A Paris il est 23 heures. Le président va se coucher après une conférence téléphonique avec le chancelier allemand. Un sommet européen est prévu, le surlendemain. Au même moment, le premier conseiller du chef d’État reçoit un coup de fil du conseiller du chef d’état-major de la DGSE : le plan d’action vient d’être mis en place.

***

18 janvier, 11 heures 30.

Suite 6201, dans un Grand Hôtel de Manhattan. L’homme est anxieux. Il a reçu voici quelques semaines un courriel à son bureau, à Washington. « On » lui en voudrait, il faut s’attendre à un coup bas prochainement.

La semaine de travail a été pénible et il a peu dormi. Il décide de prendre un bain et se relaxer avant de partir déjeuner. Son trois-pièces et sa chemise s’éparpillent sur le lit. Le gras de son embonpoint fait « blop » sur le bas ventre en retombant. Devant le miroir, il se gratte les joues, fait la moue. Ses yeux louchent vers le nombril, il ne voit plus ses orteils. Toutes ces années de travail assidu, de réunions et ripailles, les nuits courtes, le stress ont eu raison de la sveltesse de ses vingt ans. Bien que son téléphone portable sonne, il se laisse un peu de répit et plonge dans la baignoire pour quelques minutes de repli.

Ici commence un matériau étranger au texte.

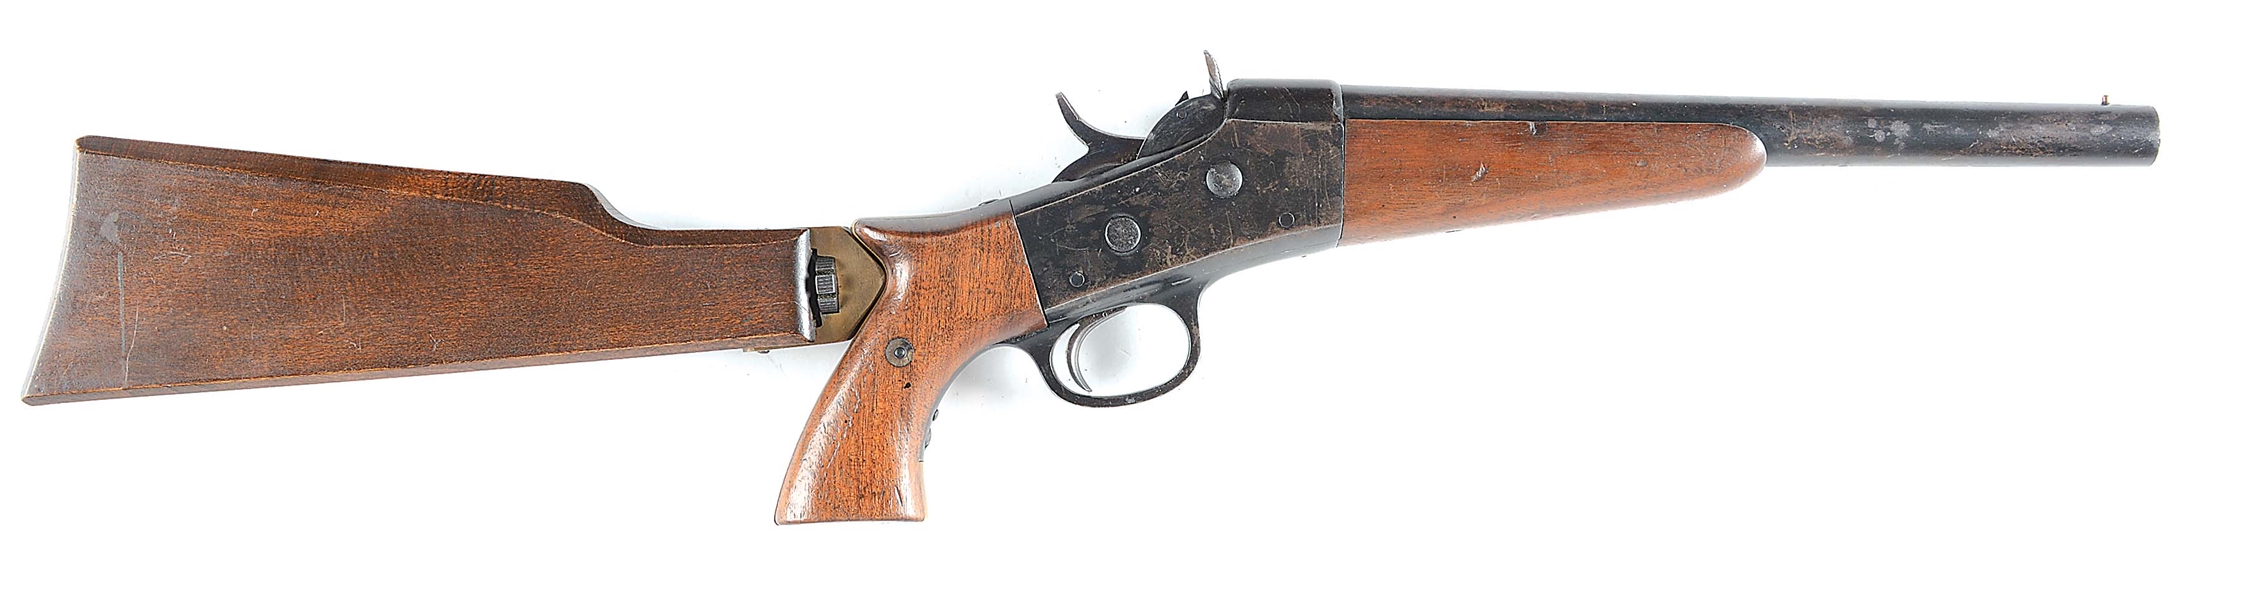 (N) EXTREMELY SCARCE REMINGTON ROLLING BLOCK 16 GAUGE SHOTGUN/ PISTOL WITH STOCK ("ANY OTHER WEAPON")

Dans les couloirs, le chef d’étage organise le service de chambre. Une jeune femme doit faire les cinq suites numérotées 6101 à 6501.

***

18 janvier, 11 heures 38.

Une femme de chambre, de type africain, utilise sa carte électronique et entre dans la suite 6201. Comme d’usage, elle annonce « Ménage ! », mais personne ne répond. Elle commence par ranger le plateau du petit-déjeuner sur le chariot, puis plie proprement les vêtements négligemment jetés sur le lit et les dépose sur une commode. Elle change les draps du lit qui reprend une allure présentable.

La femme de chambre se dirige ensuite vers la salle de bain et y entre. Le banquier sort de sa torpeur au moment où la femme referme soigneusement la porte. Il observe silencieusement la scène. Elle retire sa blouse de travail et la pose sur un tabouret. L’ébène de sa peau souligne des formes généreuses. D’abord surpris, l’homme sent son excitation prendre le dessus, sort du bain et la prend violemment. La soubrette se laisse faire sans broncher, ne laissant apparaître aucune émotion. La satisfaction se lie aux rictus sur les lèvres du banquier, qui met beaucoup d’entrain à satisfaire son ego. L’affaire à peine terminée, la femme de chambre se rhabille. Pendant ce temps, lui, gazouille. Soudain elle griffe et gifle l’homme, qui se fâche et contre-attaque. Elle tombe violemment au sol, se relève et s’en fuit. L’homme s’habille, rassemble ses affaires sans précipitation.

Les caméras de surveillance placées dans le lobby et à l’extérieur de l’hôtel filment l’homme rejoindre avec nonchalance le taxi qui l’attend. Il sera légèrement en retard au déjeuner.

***

Bureau de la NYPD, 15 heures 20.

Une plainte pour agression est déposée par téléphone, par une femme qui se dit être responsable du service VIP d’un hôtel de luxe. L’agent de police contacte alors une ambulance et lance un appel à la patrouille la plus proche du lieu du crime.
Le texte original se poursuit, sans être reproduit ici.